● SUPPLIED MATERIAL:
=== Section Start ===
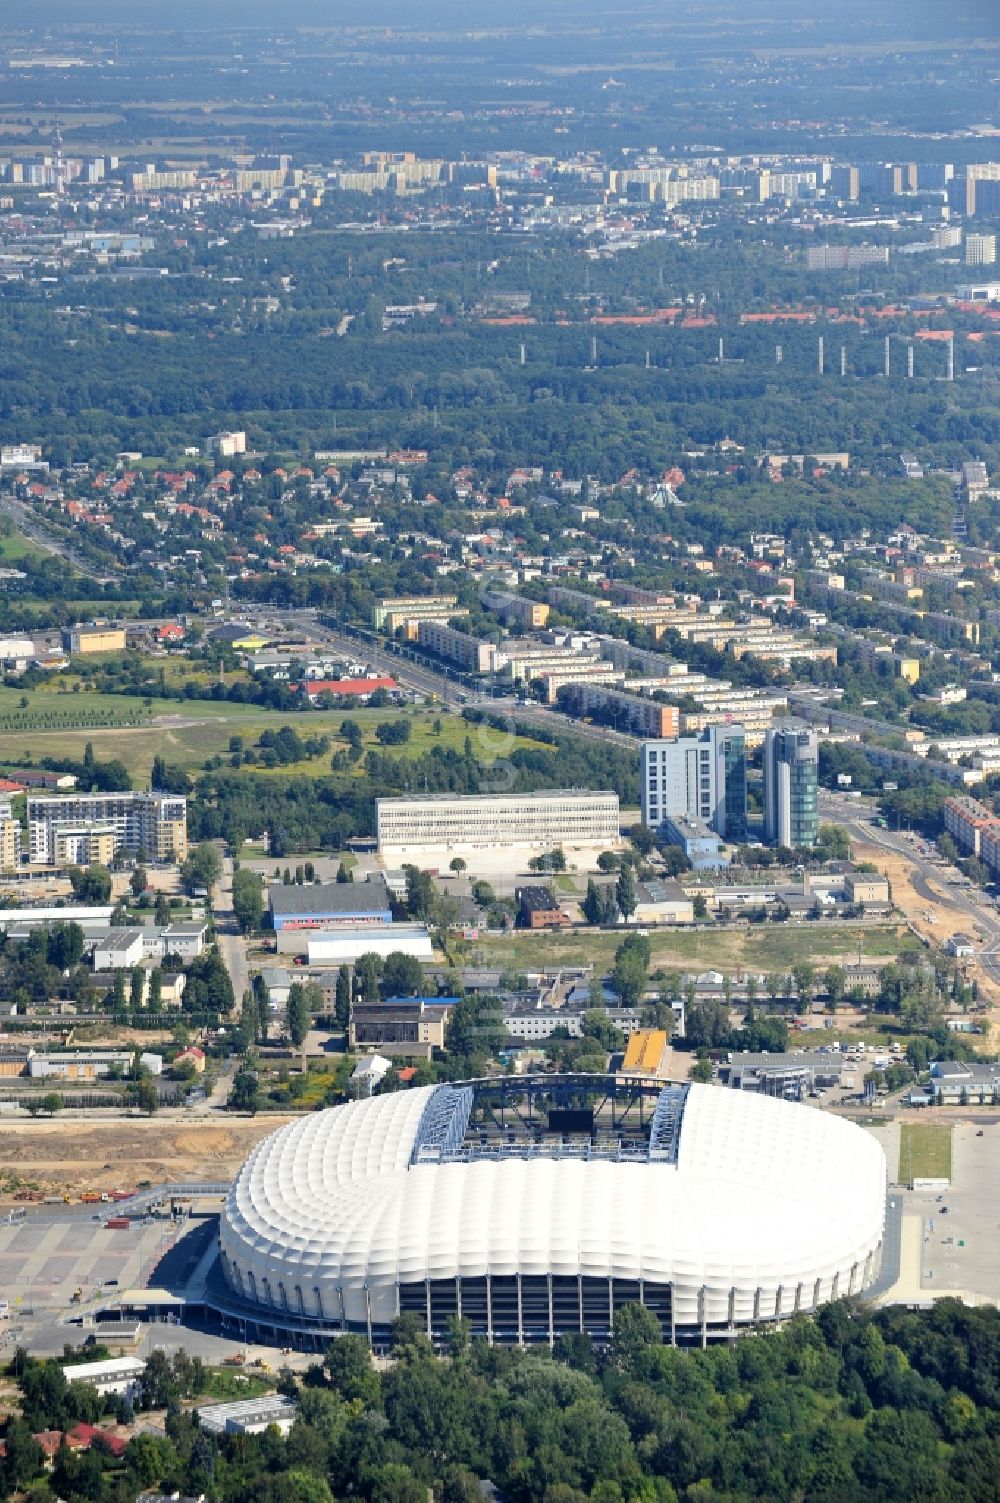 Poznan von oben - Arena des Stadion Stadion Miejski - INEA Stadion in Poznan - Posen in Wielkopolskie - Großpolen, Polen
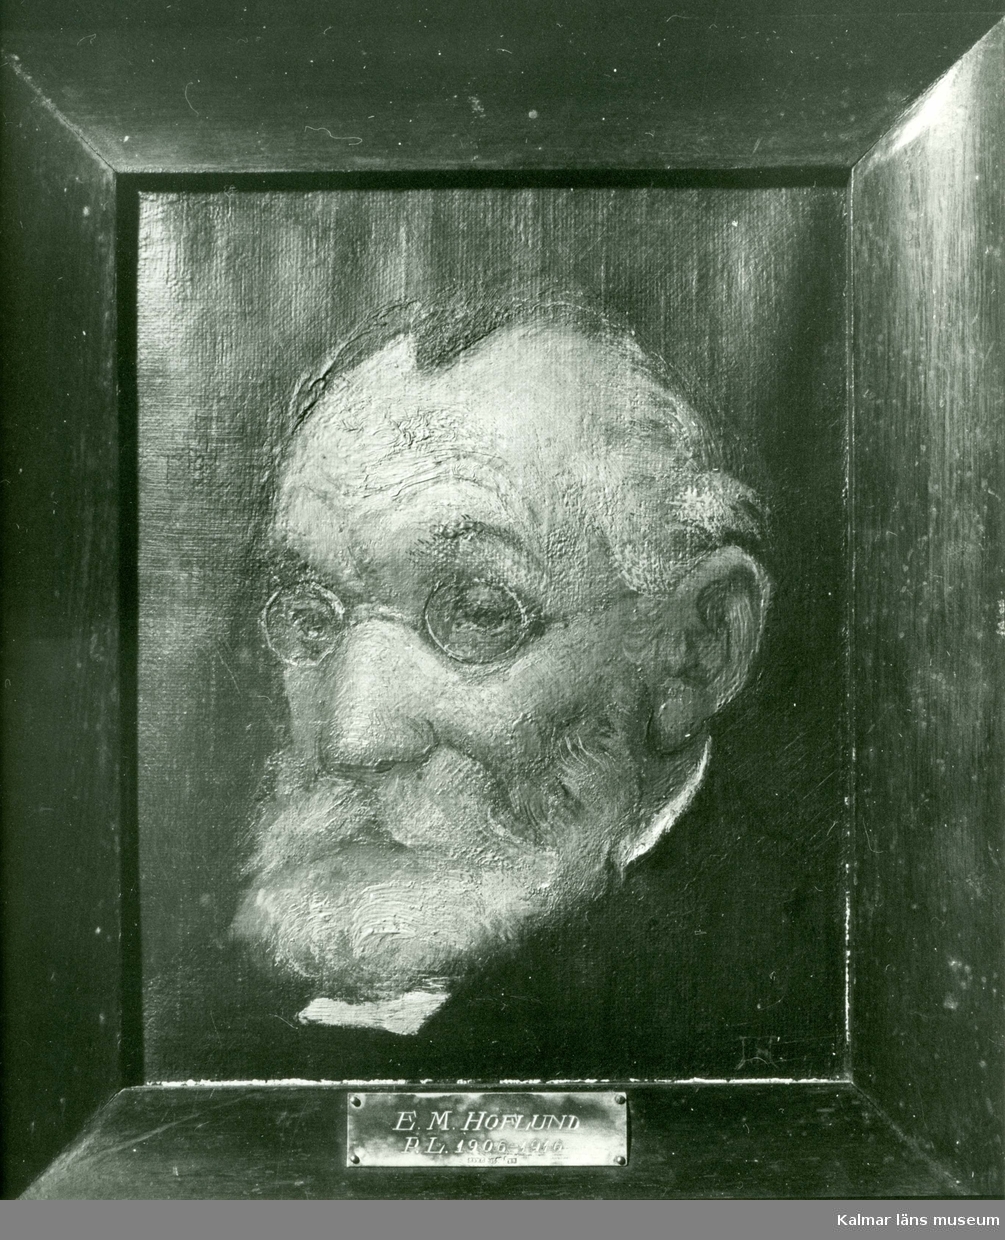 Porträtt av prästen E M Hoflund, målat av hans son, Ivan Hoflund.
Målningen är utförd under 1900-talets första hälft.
=== Section End ===
● WHAT IS BEING ASKED: Repeat nothing but the lines from the one containing "Porträtt av prästen" through the last line of the listing, both included, exactly as written, and omit any picture.

● COMPLETED TASK:
 Porträtt av prästen E M Hoflund, målat av hans son, Ivan Hoflund.
Målningen är utförd under 1900-talets första hälft.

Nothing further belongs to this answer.